Iperf is a tool for network performance measurement and tuning. It is a cross-platform tool that can produce standardized performance measurements for any network. Iperf has client and server functionality, and can create data streams to measure the throughput between the two ends in one or both directions. Typical iperf output contains a time-stamped report of the amount of data transferred and the throughput measured.
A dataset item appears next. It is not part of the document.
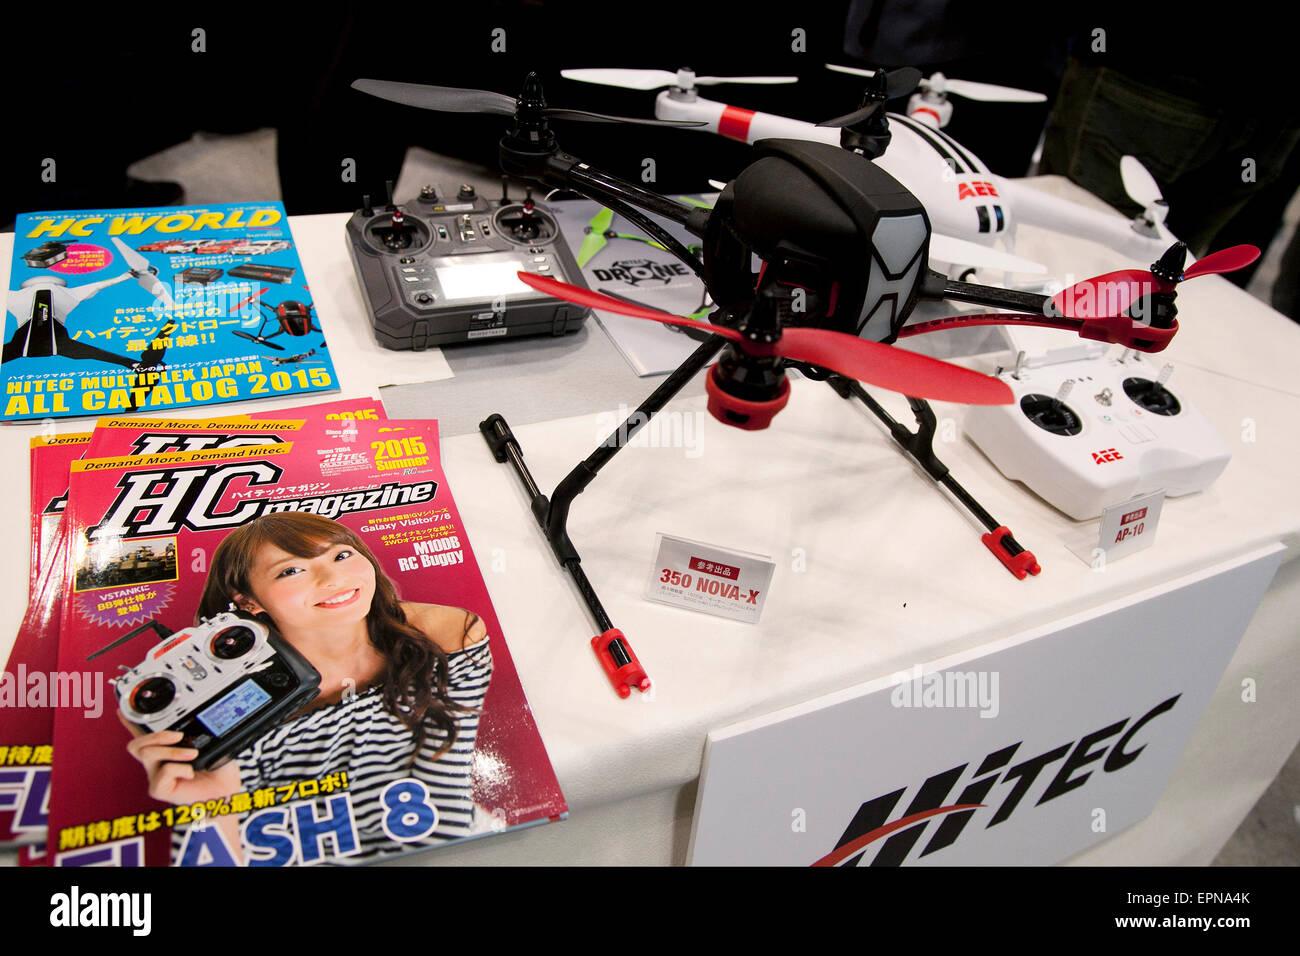 dronex pro montage

The data streams can be either Transmission Control Protocol (TCP) or User Datagram Protocol (UDP):
 UDP: When used for testing UDP capacity, iperf allows the user to specify the datagram size and provides results for the datagram throughput and the packet loss.
 TCP: When used for testing TCP capacity, iperf measures the throughput of the payload. Iperf uses 1024 × 1024 for mebibytes and 1000 × 1000 for megabytes.
Iperf is open-source software written in C, and it runs on various platforms including Linux, Unix and Windows (either natively or inside Cygwin). The availability of the source code enables the user to scrutinize the measurement methodology.

Iperf is a compatible reimplementation of the ttcp program that was developed at the National Center for Supercomputing Applications at the University of Illinois by the Distributed Applications Support Team (DAST) of the National Laboratory for Applied Network Research (NLANR), which was shut down on December 31, 2006, on termination of funding by the United States National Science Foundation.

iperf3
Iperf3 is a rewrite of iperf from scratch to create a smaller, simpler code base. It also includes a library version which enables other programs to use the provided functionality.  Another change is that iperf3 is single threaded while iperf2 is multi-threaded. Iperf3 was started in 2009, with the first release in January 2014. Iperf3 is not backwards compatible with iperf2.

Iperf3 doesn't officially support Windows, only Linux. Vivien Guéant did compile it to Windows back in 2016 but hasn't been maintained since.

A user of Neowin, Budman has since been compiling the latest Windows versions of Iperf and maintains them on his server.

CurrentLinux versions information and builds are still actively developed.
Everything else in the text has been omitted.